Par TF1 News (avec agence), le 08 décembre 2009 à 11h41 , mis à jour le 08 décembre 2009 à 15h05

Dans un texte publié par le Monde, le chef de l'Etat prône le respect "pour ceux qui arrivent" et "ceux qui accueillent" mais appelle à "comprendre" le vote suisse, loin "des réactions excessives".
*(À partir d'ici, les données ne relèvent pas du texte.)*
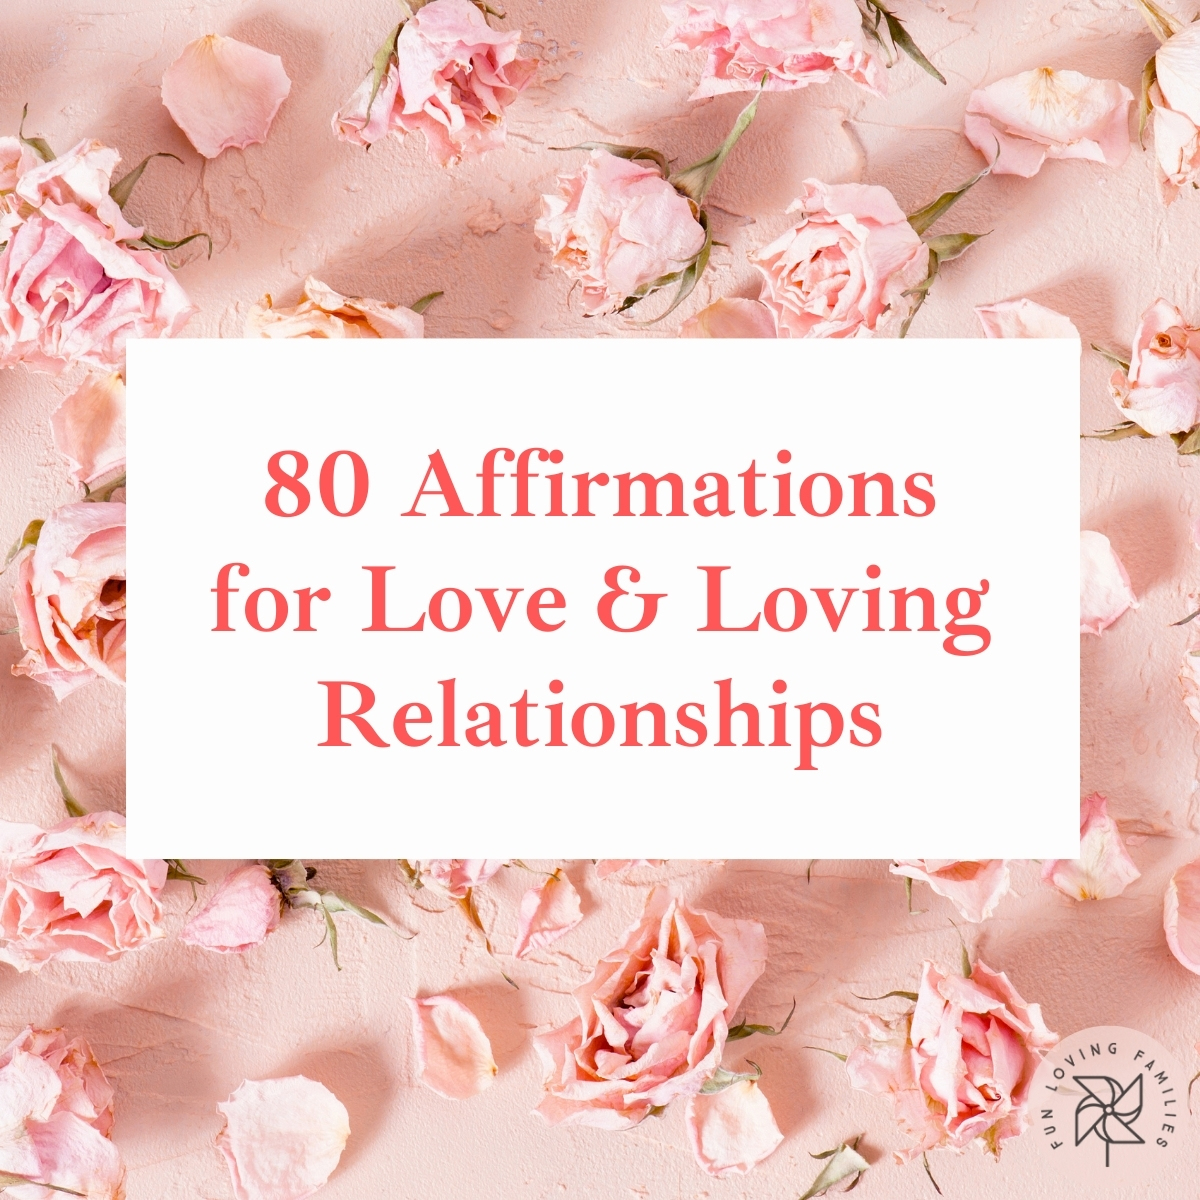 80 Affirmations for Love and Loving Relationships

[Expiré] [Expiré] Sarkozy Nicolas © AFP

Henri Guaino, la plume du chef de l'Etat, a dû choisir ses mots avec grande précaution tant la question de l'identité nationale devient explosive, quatre mois avant les régionales. Objectif de cette tribune présidentielle publiée dans Le Monde :  remettre du rationnel dans un débat qui menace désormais de déraper à tout moment, surtout après la votation suisse interdisant la construction de minarets. Dans ce texte, Nicolas Sarkozy se prononce donc clairement en faveur du"métissage", contre le "communautarisme" et appelle à la tolérance et au respect entre "ceux qui arrivent" et "ceux qui accueillent".  Mais la tribune obéit à un fragile équilibre. "Chrétien, juif ou musulman, homme de foi, quelle que soit sa foi, croyant, quelle que soit sa croyance, chacun doit savoir se garder de toute ostentation et de toute provocation", précise le chef de l'Etat dans le même temps.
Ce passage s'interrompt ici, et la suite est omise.